Als der morgendliche Durst ruft, parkiert Jack den Wagen mit dem Gefangenen vor einem Schnapsladen, um sich eine Flasche Alkoholisches zu kaufen. In der Zwischenzeit stirbt Eddie tausend Tode, denn man hats auf ihn abgesehen. Ein Mordanschlag wird verübt und Jack kann in letzter Sekunde das Schlimmste vereiteln. Das Duo findet Zuflucht in einer Bar, wo die Kollegen verständigt werden. Franks Ex-Partner, Frank Nugent (David Morse) will übernehmen und informiert Jack, dass die Aussage des Zeugen sie allesamt in grosse Probleme bringen würde. Der Mann muss beseitigt werden.
Jack kennt nun also seine Gegner. Ausserdem bekommt er von Frank Optionen geboten. Entweder spielt er mit und hält die Klappe oder Jack geht mit dem Zeugen unter. Wie nicht anders zu erwarten, entscheidet sich Jack für eine alternative Variante und stellt sich gegen seine "Kollegen". Nun, auf sich allein gestellt und mit einem wichtigen Zeugen im Schlepptau, muss Jack in den Schluchten von New York gegen die eigenen Berufskollegen antreten, während die Uhr unwiderruflich tickt. Denn die Cops tun alles erdenklich mögliche, um den Zeugen daran zu hindern, gegen sie auszusagen. Dass ein alternder Cop dabei Schaden nehmen kann, ist nicht mehr als Collateral Damage.
DVD-Rating
Regisseur Richard Donner hat eine eindrucksvolle Liste an Filmen vorzuzeigen, die im Actiongenre zu den sehenswerten Werken gehören. Die Serie um Lethal Weapon, den Original Superman oder auch Conspiracy Theory. Mit 16 Blocks, der leider nie in den Schweizer Kinos lief, wurde mit einem für Hollywood-Verhältnisse bescheidenem Budget gedreht und brachte ein ansprechendes Resultat in die Kassen. Dazu zeigt Bruce Willis sich mal wieder von seiner "anderen" Seite und beweist, dass er einer der wenigen Schauspieler ist, die sowohl im weissen Unterhemd, als auch mit Bauch und Halbglatze überzeugende Vorstellungen bieten.

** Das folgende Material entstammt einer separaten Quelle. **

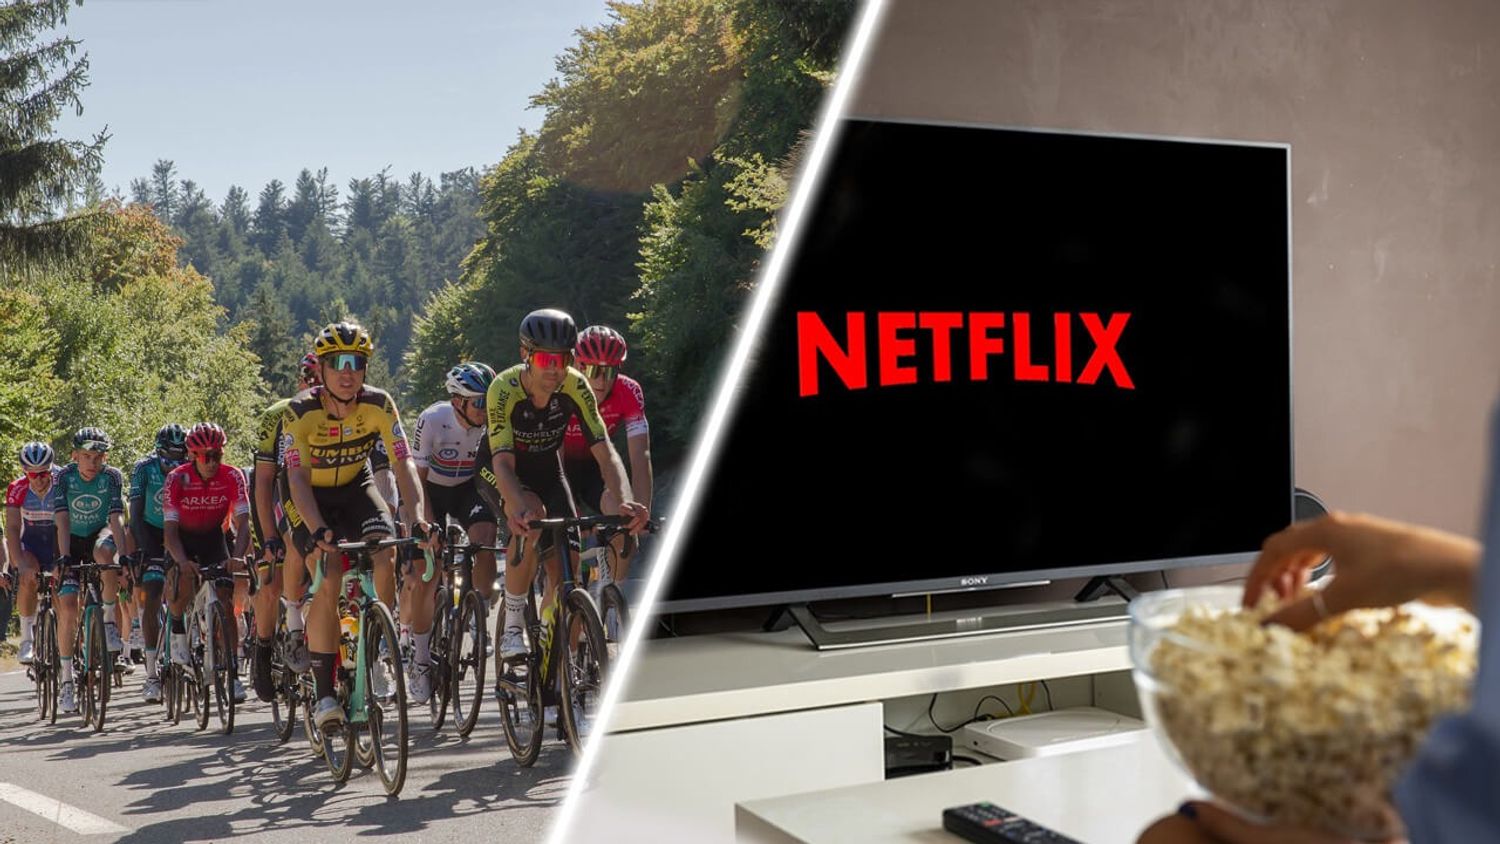 Le Tour de France : prochaine étape, Netflix !

Die Story gibt erfreulicherweise schon bald nach dem Vorspann schön Gas. Die Positionen werden bezogen und obwohl der Zuschauer noch nicht so recht weiss, wie sehr er denn auf der Seite von Bruce Willis stehen soll, zeigt sich dieser als Mann mit Gewissen und Verantwortungsgefühl. Sein Kampf gegen die eigenen Kollegen wird lebensecht und deswegen nur bedingt spektakulär geführt. Das Zusammenspiel mit Filmpartner Mos Def (der Stöppler aus The Hitchhikers Guide to the Galaxy) braucht eine Weile der Entwicklung, kommt dann aber hervorragend rüber. Sowieso hat sich Mos Def zu einem hervorragenden Schauspieler entwickelt.

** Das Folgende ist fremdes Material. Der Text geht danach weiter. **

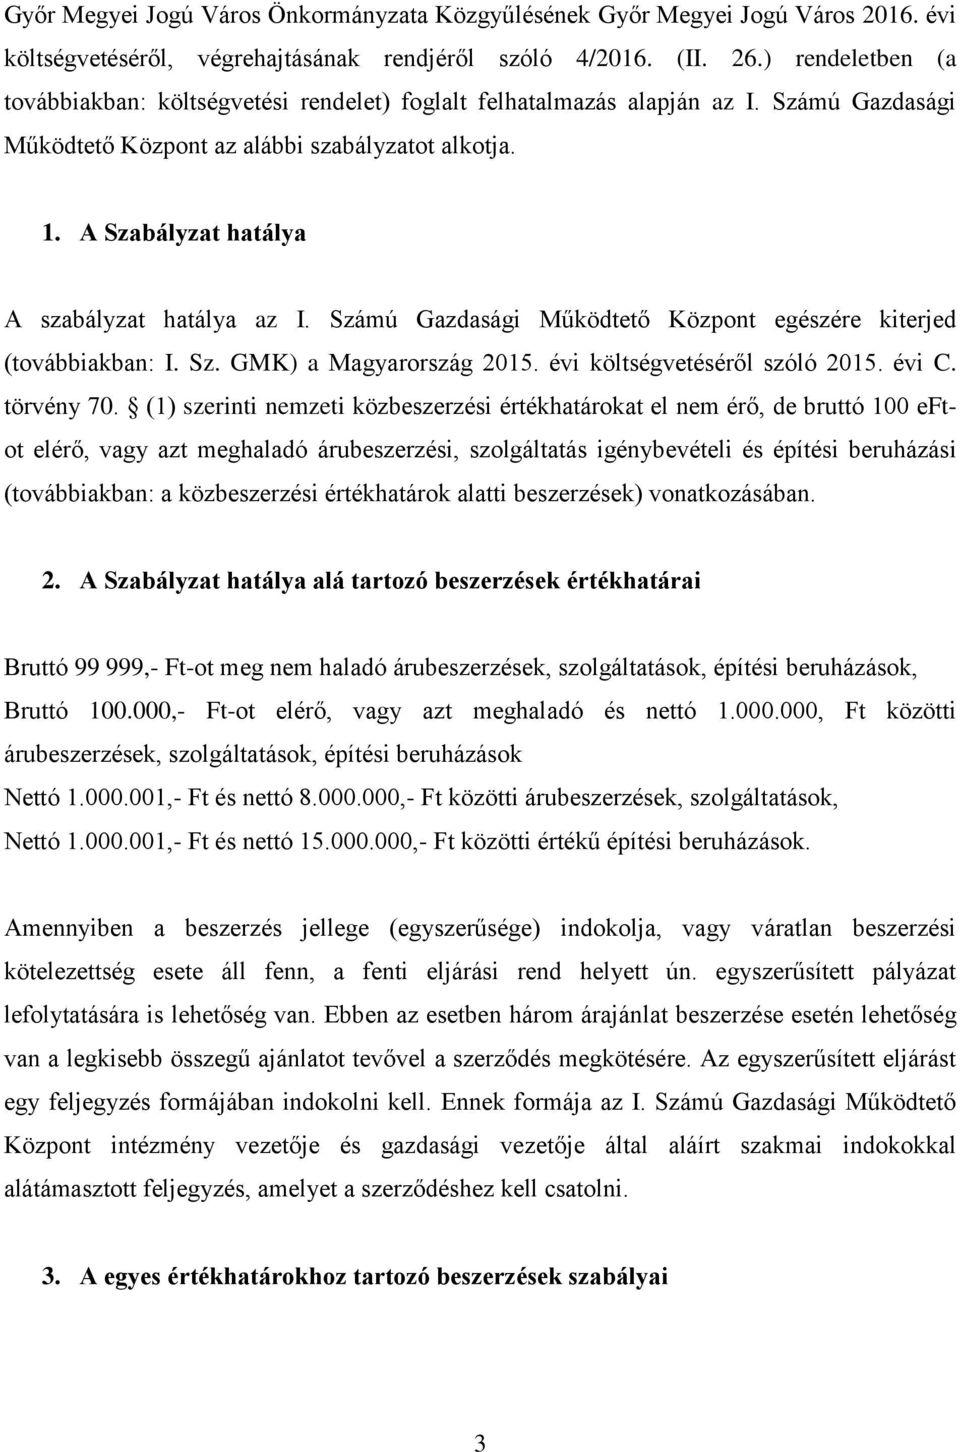 A Szabályzat hatálya A szabályzat hatálya az I. Számú Gazdasági Működtető Központ egészére kiterjed (továbbiakban: I. Sz. GMK) a Magyarország 2015. évi költségvetéséről szóló 2015. évi C. törvény 70.

Als böser Bube wurde David Morse (der böse Rösslimanager aus Dreamer) engagiert, der seinen Charakter als eine Mischung zwischen nettem Cop und Dreckschwein gibt. Ebenfalls sehr gut gelungen, diese Darstellung.

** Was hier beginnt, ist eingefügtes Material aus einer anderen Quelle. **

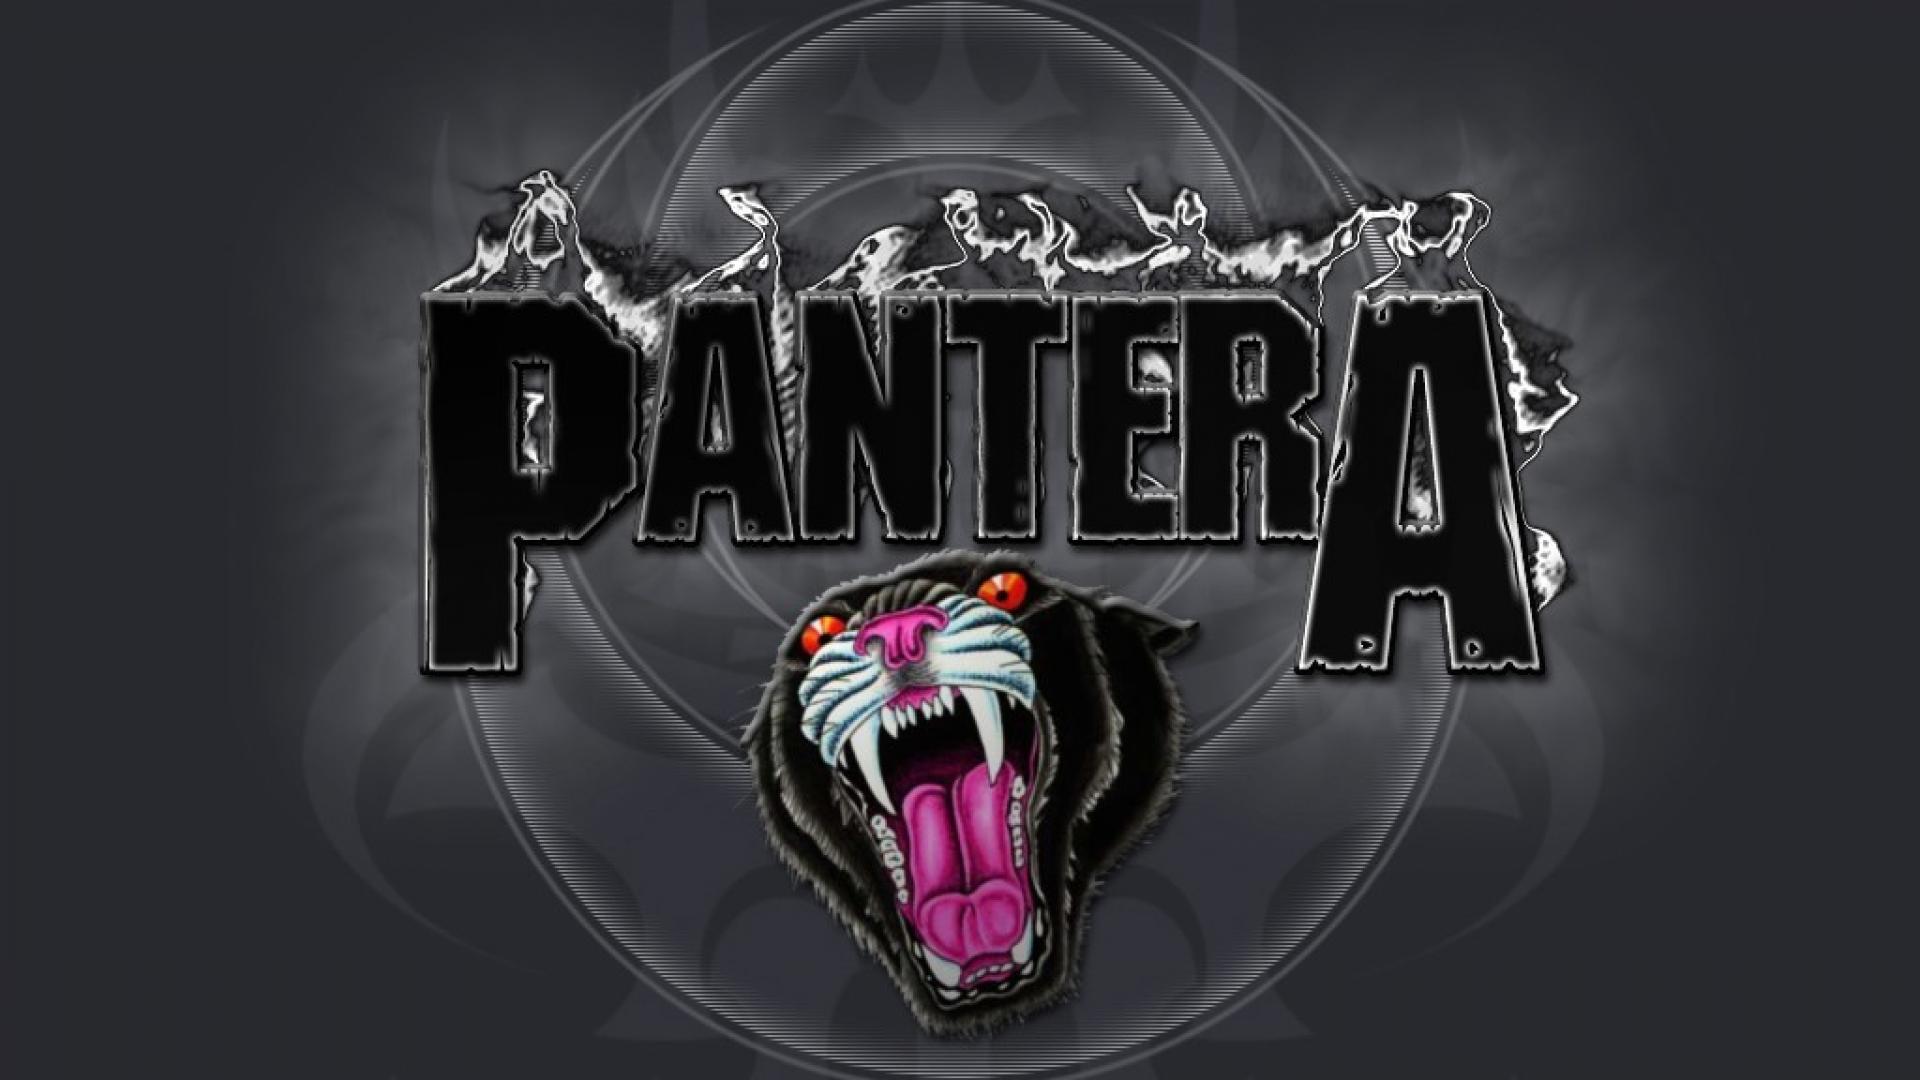 Heavy metal bands pantera band wallpaper 102327

Was 16 Blocks ausserdem auszeichnet ist die Intensität des Films. Man rennt (geistig) mit, bei den (vielen) Schiessereien zittert die eigene Hand und wenn sich die Story dann am Schluss aufklärt, darf ein kleines, aber feines "Aha" nicht fehlen. Einzig das Ende, das Finale, der Showdown mag da nicht so recht mithalten. Auf der DVD kriegt man ein alternatives Ende zu sehen, welches eigentlich die offizielle Version war. Die hätte dann auch entsprechend besser zum Film gepasst, als der nun im Film gezeigte, doch recht Hollywood-typische, Schluss.
Fazit: 16 Blocks ist ein mehr als nur gelungener Krimi über einen alten Cop, einen jungen Zeugen und deren Kampf gegen die Gesetzeshüter von New York, welche dieses Mal auf der falschen Seite stehen. Eindrucksvolle Schauspieler, sehr gute Performances und eine gute Geschichte mit schöne Actionmomenten, machen aus dem Film einen richtig Guten seiner Gattung.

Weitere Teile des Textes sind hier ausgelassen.